→ Work to complete: Give back an exact copy of the listing that follows, without the pictures.

→ The data:
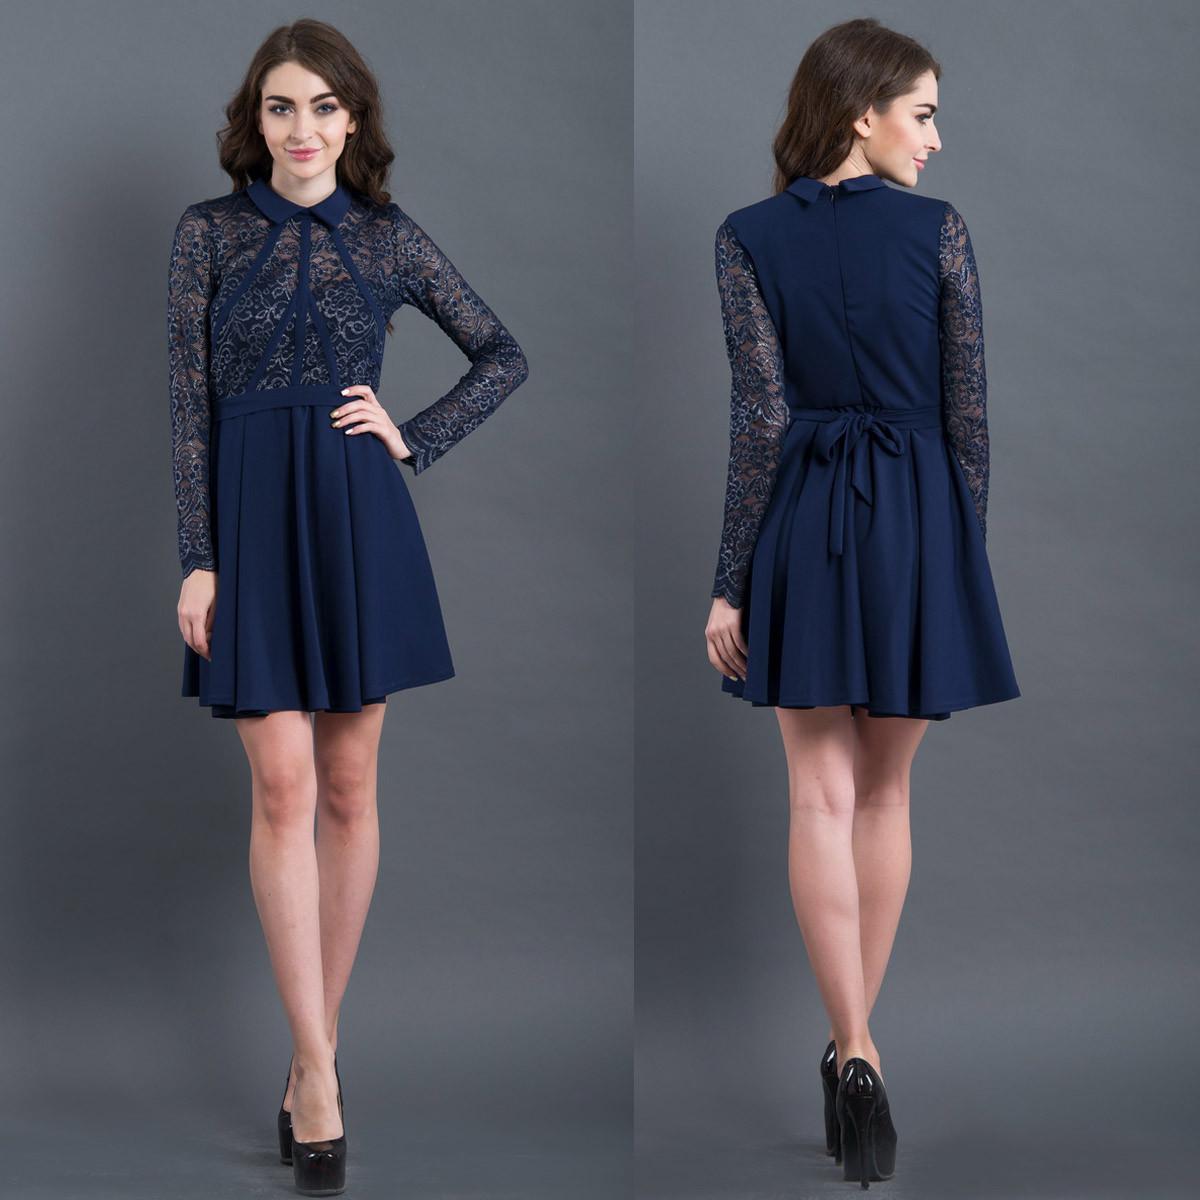 aa13c2eb25f Коктейльное платье синего цвета с гипюром
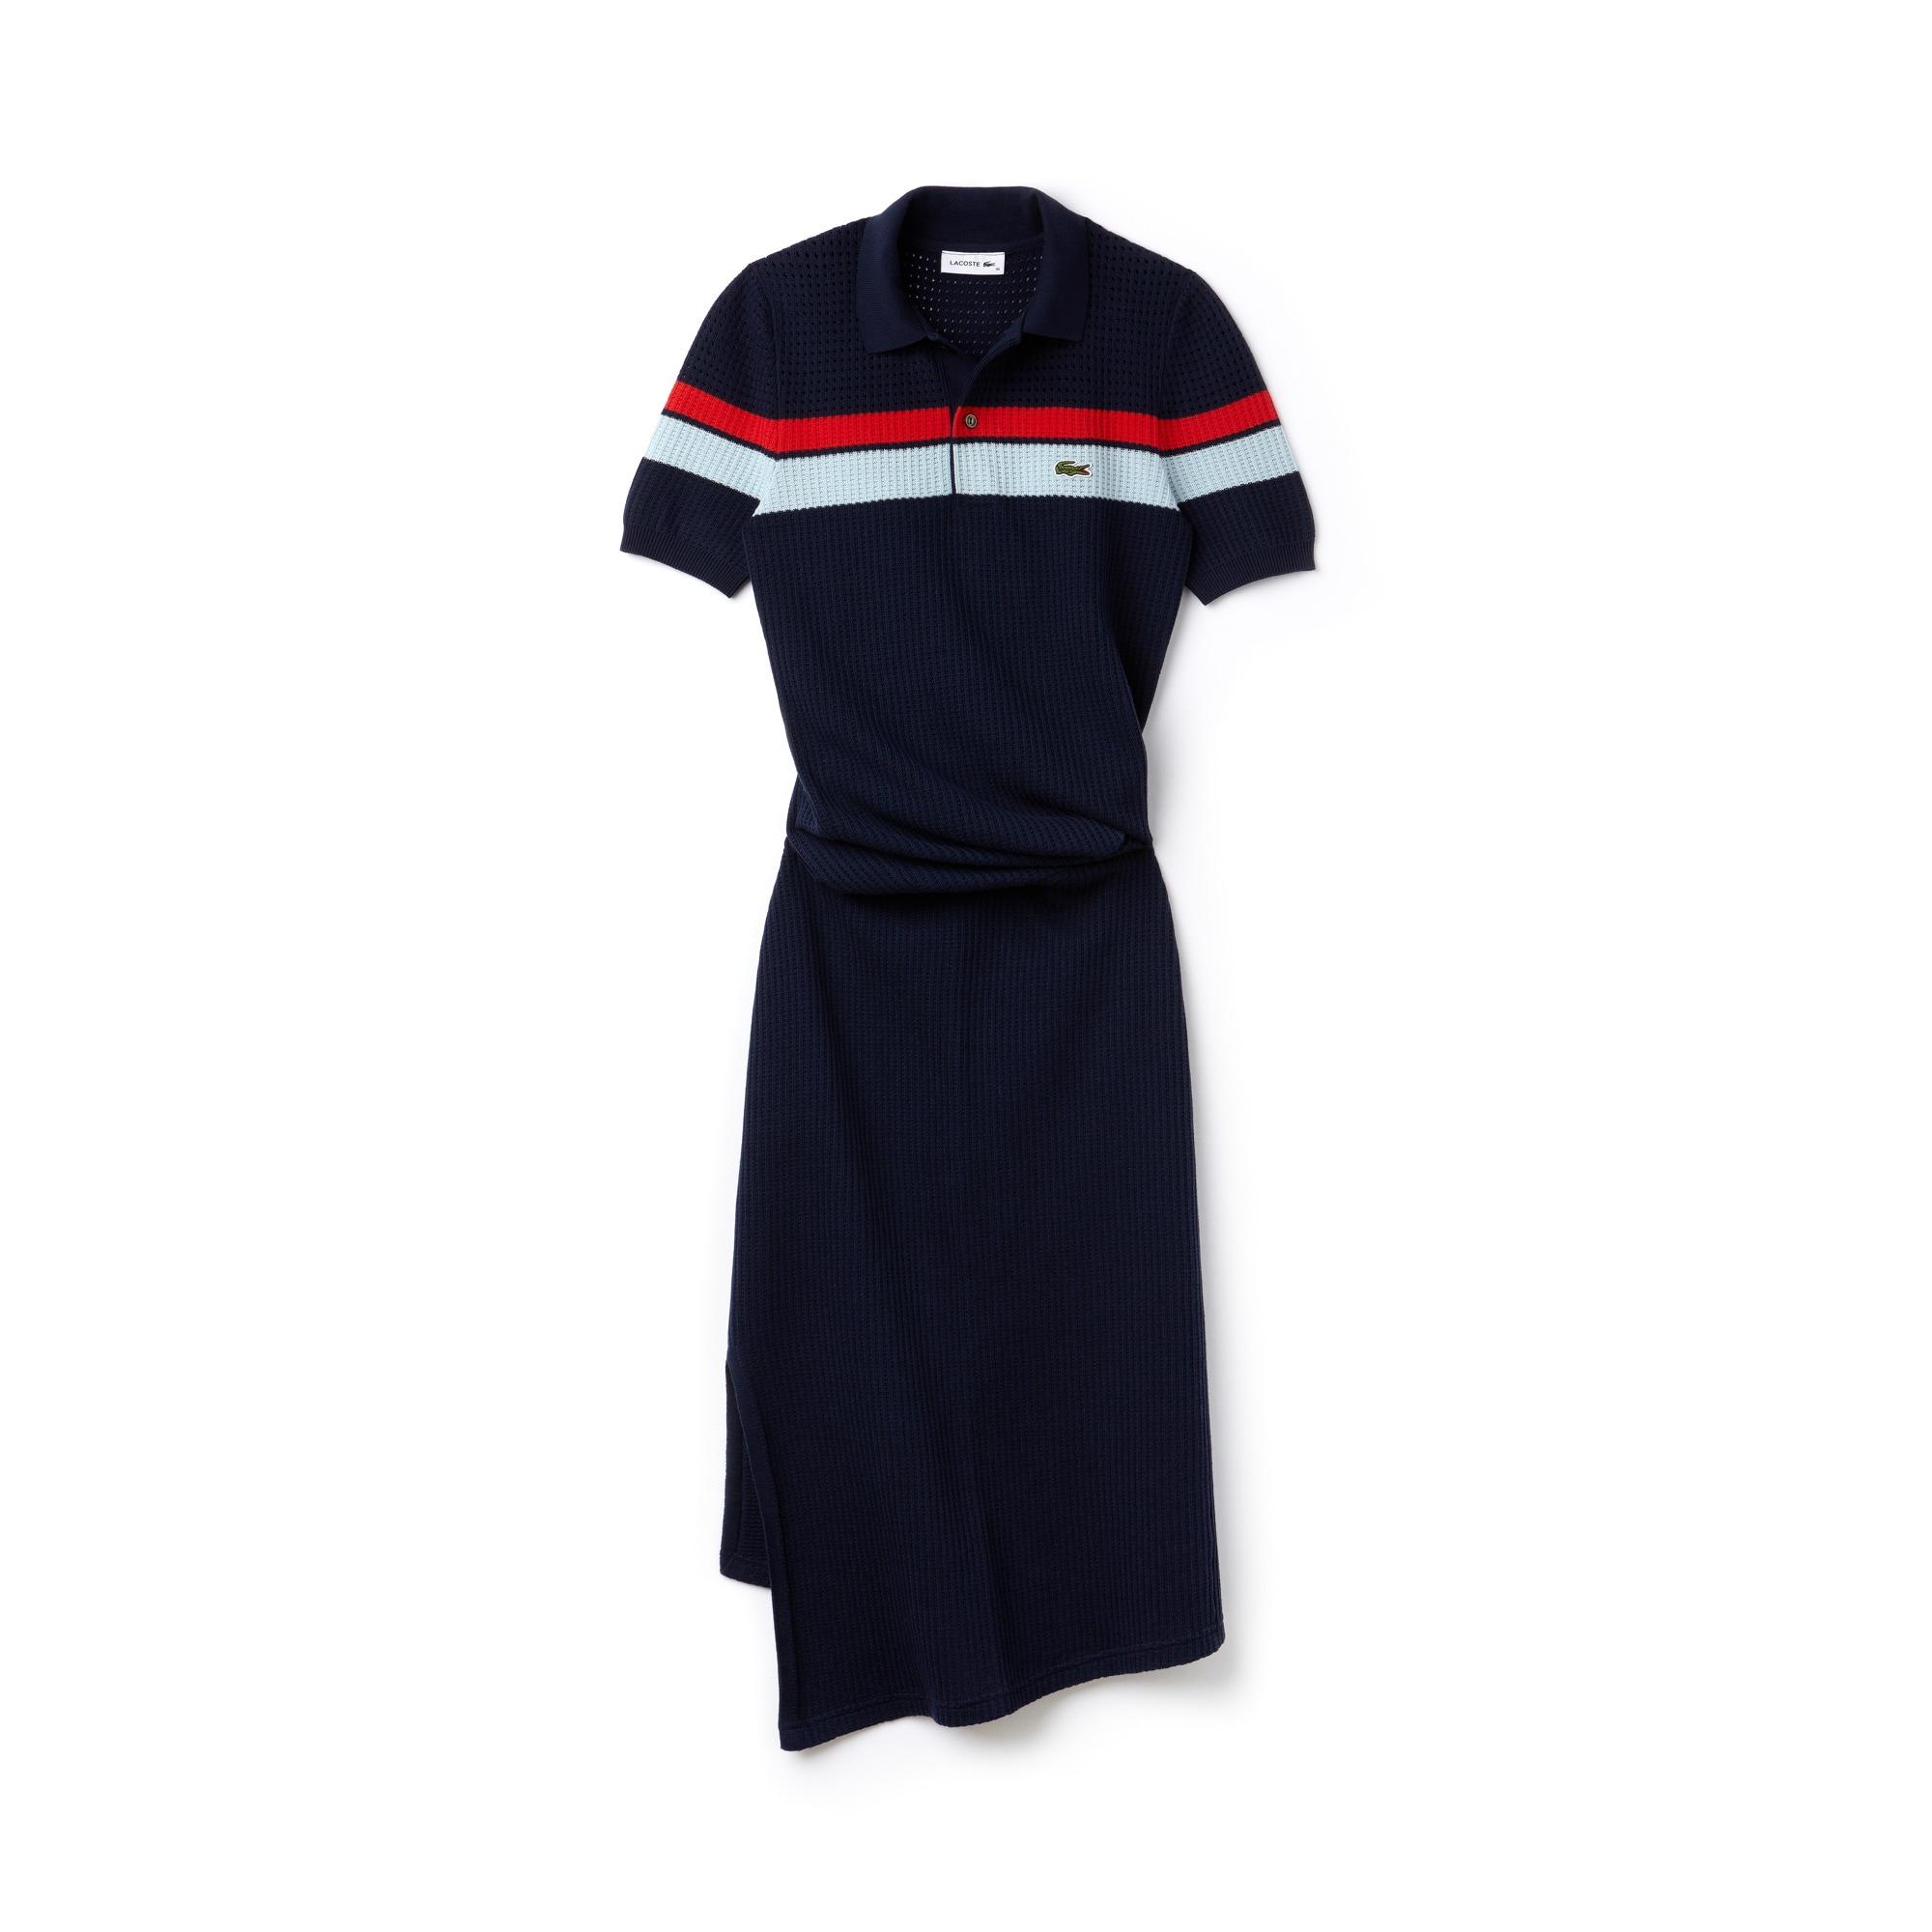 Polojurk Édition Défilé gestreept katoenen tricot
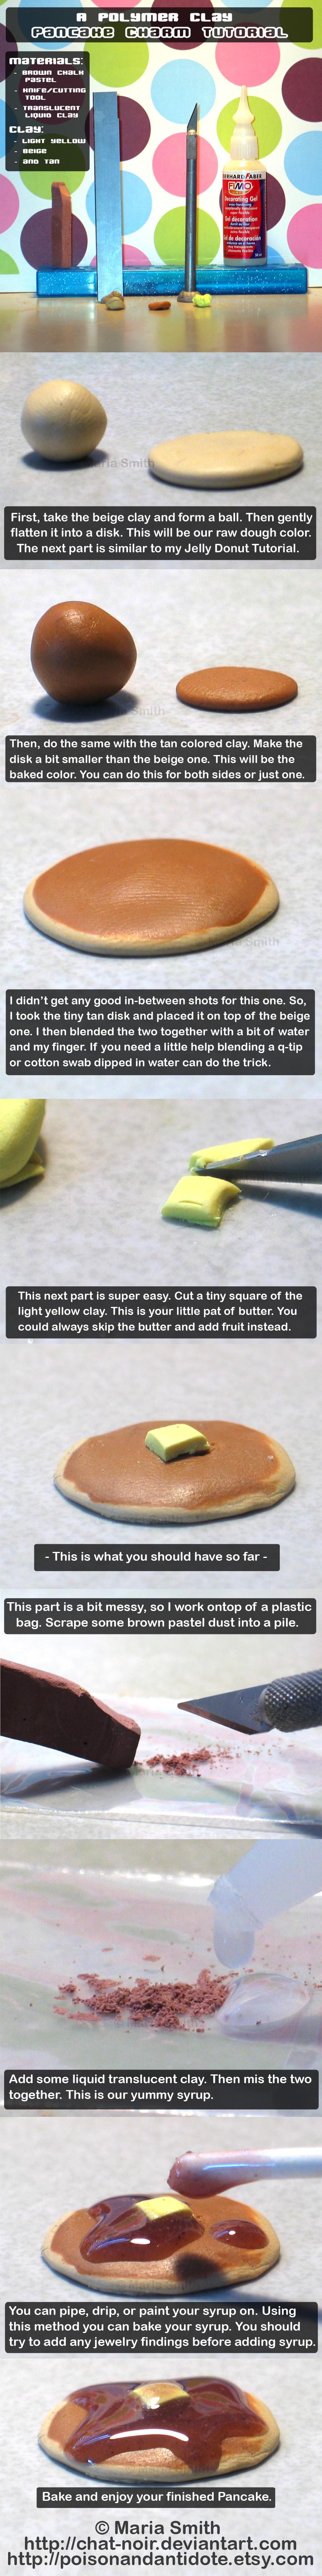 Polymer Clay Pancake Tutorial
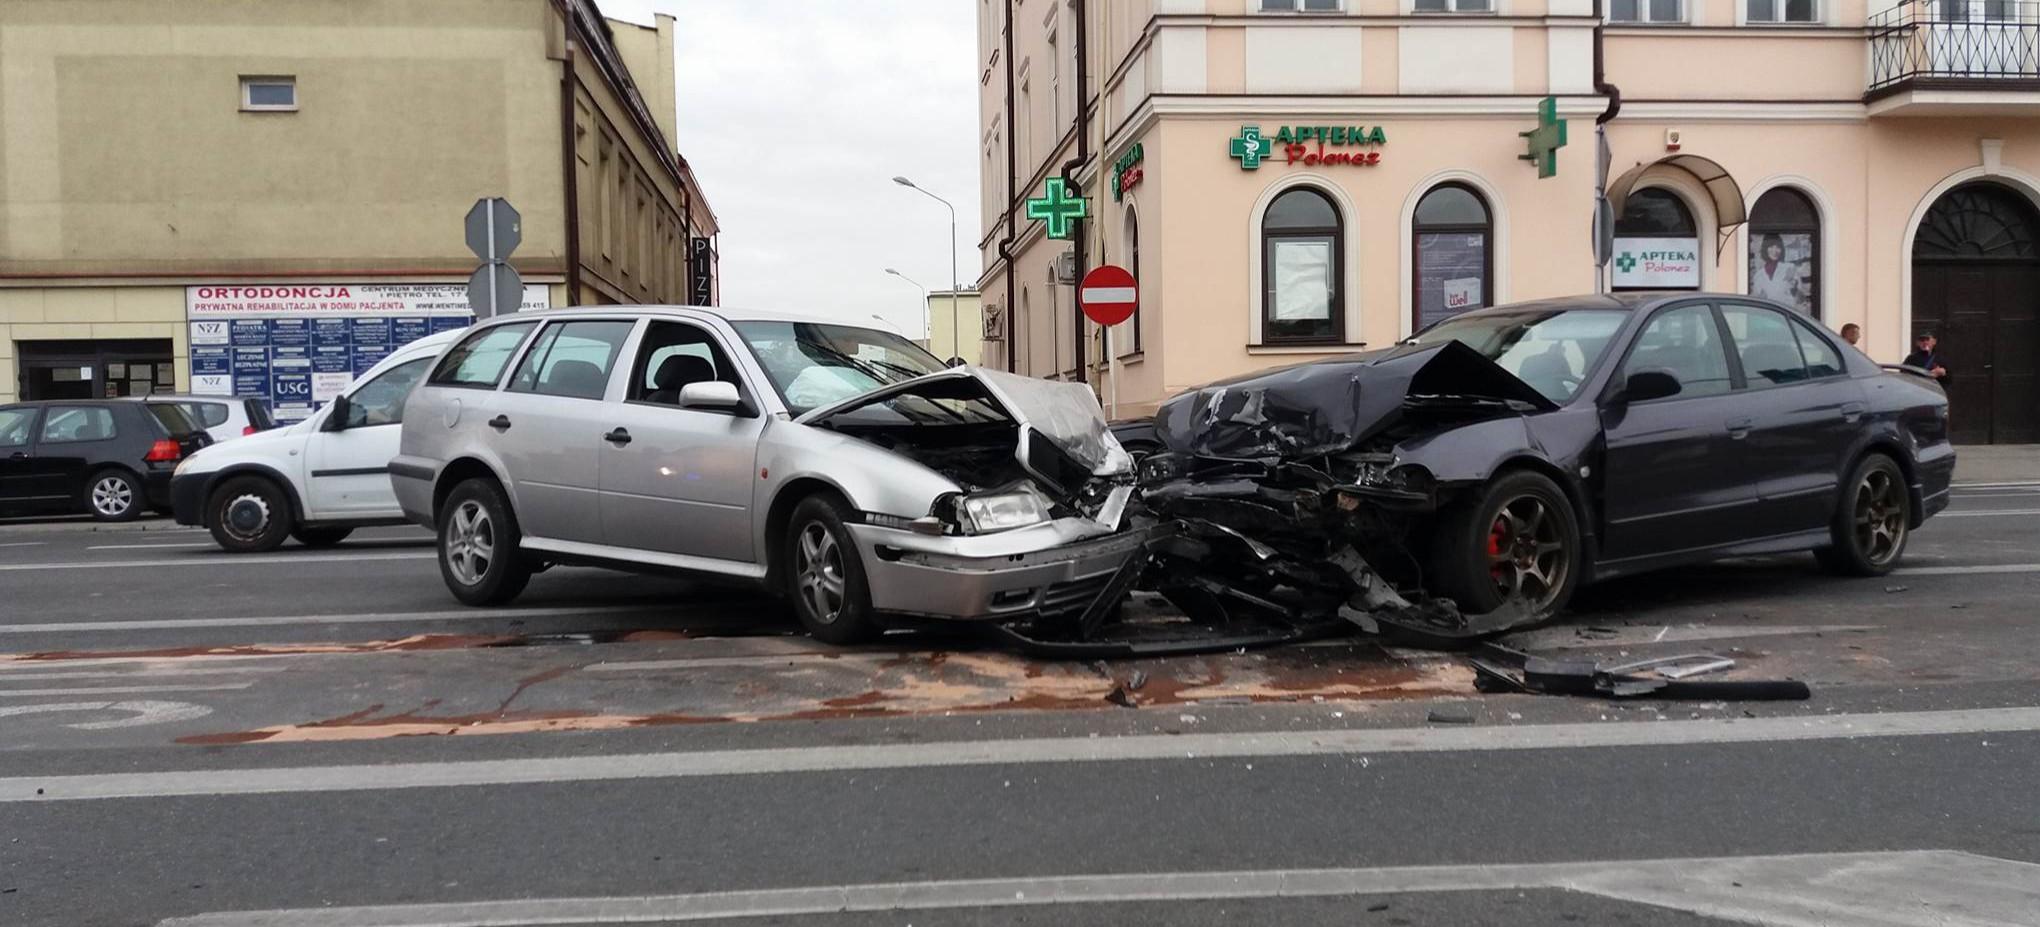 Wypadek w pobliżu Placu Wolności. Spore utrudnienia (FOTO)

→ Task response:
 aa13c2eb25f Коктейльное платье синего цвета с гипюром
 Polojurk Édition Défilé gestreept katoenen tricot
 Polymer Clay Pancake Tutorial
 Wypadek w pobliżu Placu Wolności. Spore utrudnienia (FOTO)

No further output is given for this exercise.